Many of the diagnostics implemented in AWTY are based on a post hoc approach where the output from a MCMC analysis is examined and compared over replicated runs. The underlying assumption is that simulations started from independent starting values should have similar properties at convergence (Brooks and Gelman, 1998). It must be emphasized, however, that this approach cannot guarantee convergence per se but is primarily a method for diagnosing lack of convergence in one (or several) runs. Furthermore, the success of the post hoc approach is dependent on the number of individual runs and the performance and behavior of each individual run. The information on the latter, such as proposal/acceptance ratios, should be included in the overall assessment of the success of an MCMC simulation and should be the focus in further research on MCMC applications in Bayesian phylogenetics.

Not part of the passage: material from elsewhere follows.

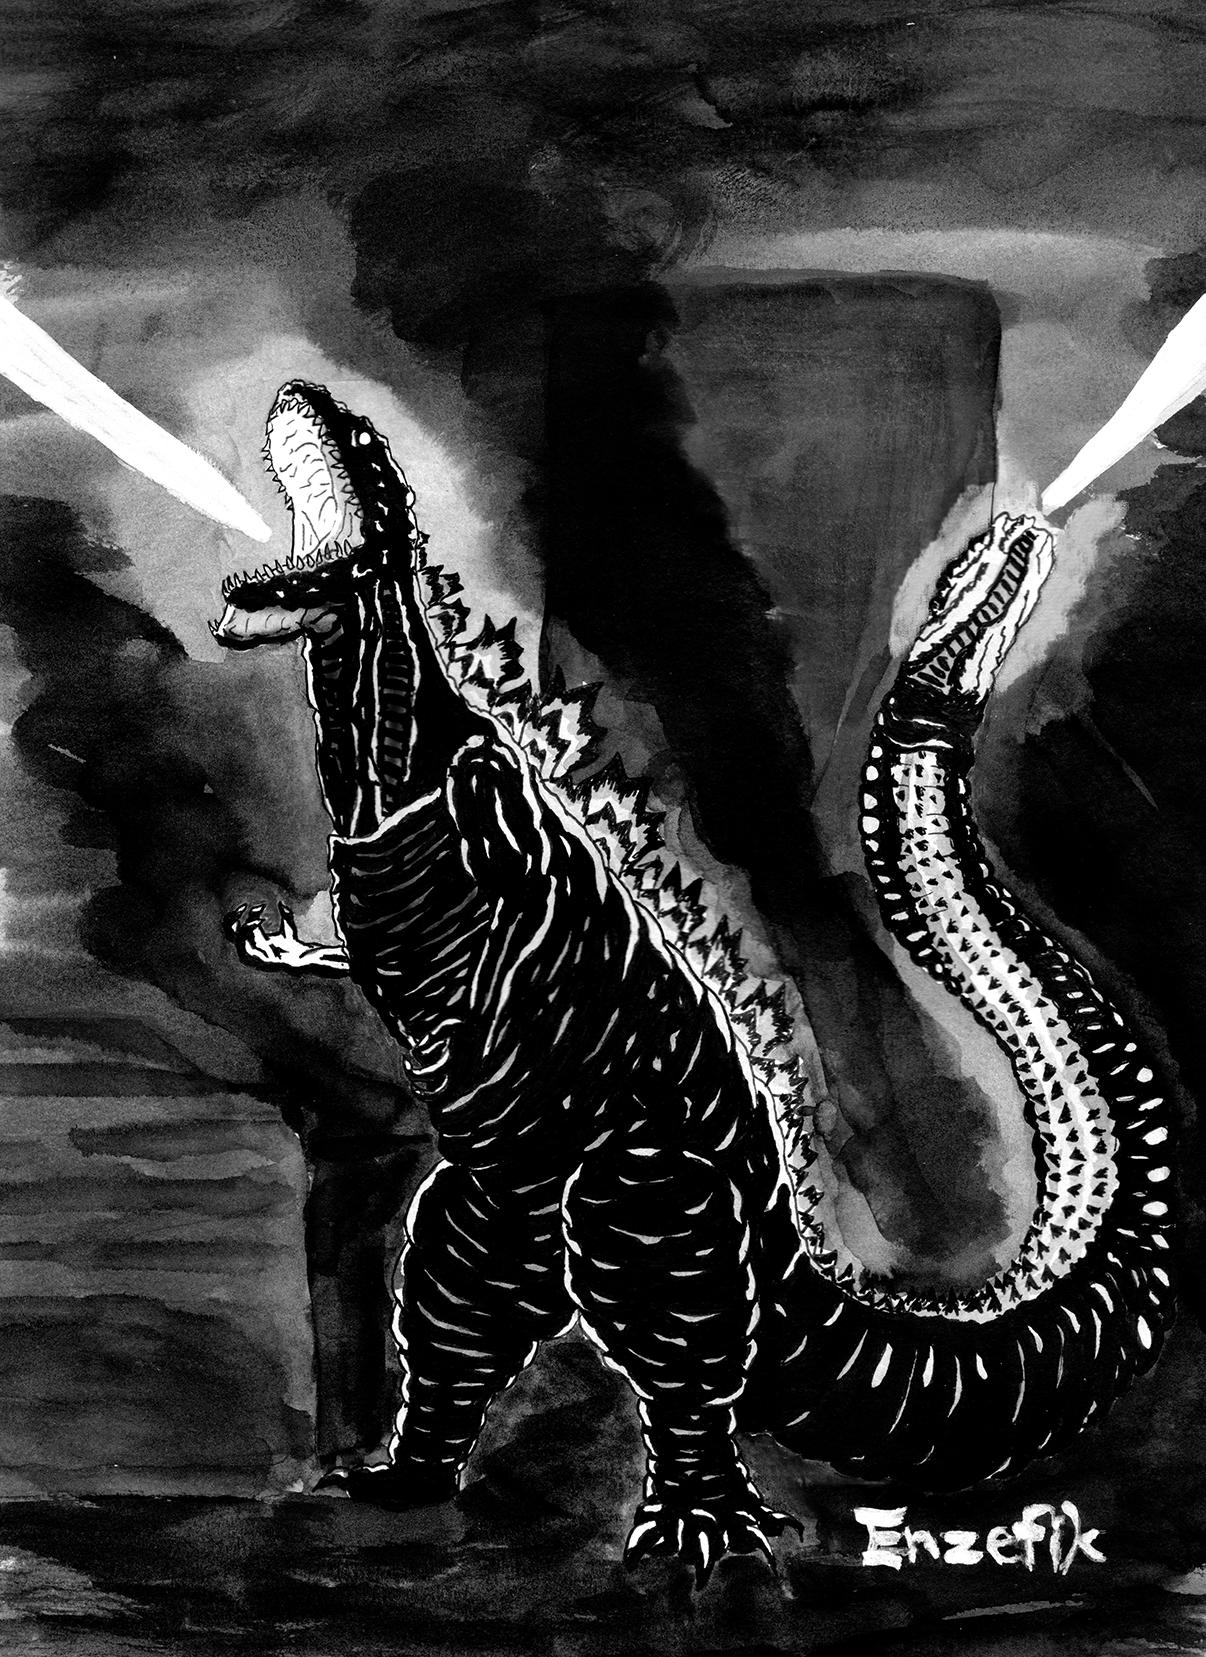 Inktober: Godzilla

2.2 Implementation details
The main routine in AWTY is written in Perl and uses the program PAUP* (Swofford, 2003) for handling phylogenetic trees. The graphical output is generated by GNUPLOT (Williams and Kelly, 2006). For some of the convergence diagnostics, AWTY uses the CODA package (Plummer et al., 2005) written in R (R Development Core Team, 2006) through the R-from-Perl interface RSPerl (Temple-Lang, 2006). The program can be run using either a command-line UNIX-type interface, or via a Gtk2/Tk interface provided by the Perl modules Getopt:GUI:Long and QWizard (Hardaker, 2006). In addition, the program comes with a web interface written in PHP4 and runs on any web server such as Apache.
Clemens Lakner, Mark Holder, Fredrik Ronquist and Wes Hardaker are thanked for advice on MCMC diagnostics and programming.
Conflict of Interest: none declared.